Every check declares which stage it runs in. The pipeline orders execution by stage; within a stage, registration order is preserved. Stages are fail-closed: a block at stage N short-circuits stages N+1...M.

Stage	When it runs	What blocks here means
ADMISSION	Before the request is forwarded upstream	The request never reaches the model; caller gets a 403
INSPECTION	On every chunk as the model streams output back	The stream is aborted mid-flight; caller gets the truncated response with a trailing event identifying the check
COMMITMENT	When the model emits a tool call	The tool does not run; the model can continue but the proposed action is refused
RECORD	After the response completes	Audit-only; never modifies the already-delivered response. Used for drift detection, behavioral baselines, post-hoc flagging

Why a four-stage hierarchy and not a flat list:

Cost ordering. ADMISSION checks are cheap and many; INSPECTION checks fire on every chunk and must be fast; COMMITMENT checks may call out to sandboxes; RECORD checks can be expensive because they sit off the critical path. Splitting them lets each stage have its own performance budget.
Failure semantics. Each stage has the right action. ADMISSION blocks return 403 to the caller. INSPECTION blocks truncate the stream. COMMITMENT blocks refuse the tool but allow the model to continue. RECORD blocks never affect the caller.
Re-evaluation. The continuing-consent pattern (below) lives at INSPECTION — even though the request was admitted, the gate re-checks authority on what the model is actually producing.

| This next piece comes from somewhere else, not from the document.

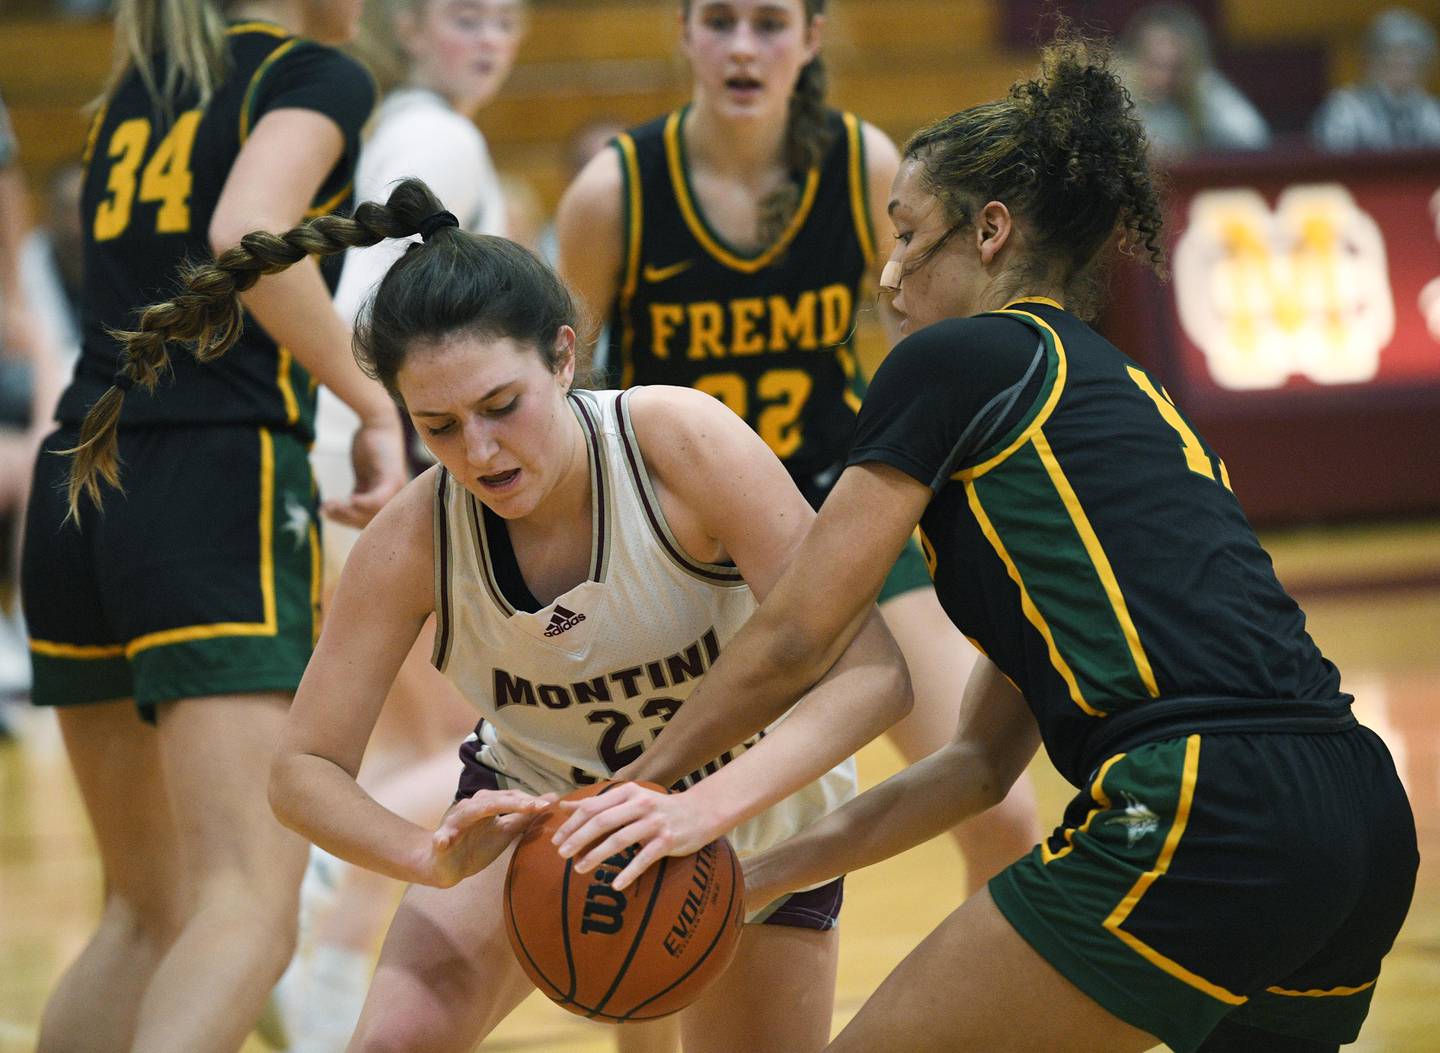 Montini’s Shea Carver and Fremd’s Kace Urlacher battle for the ball in a girls basketball game in Lombard on Monday, January 23, 2023.

Two patterns worth naming¶

Authority granted at request time is not a blank check for the entire stream. The model might produce output that drifts into territory the caller's owner would not have approved if shown the full plan. signet's INSPECTION stage exists exactly so checks can re-evaluate that authority on every chunk and pull the plug mid-stream when the actual output crosses a line the original request didn't.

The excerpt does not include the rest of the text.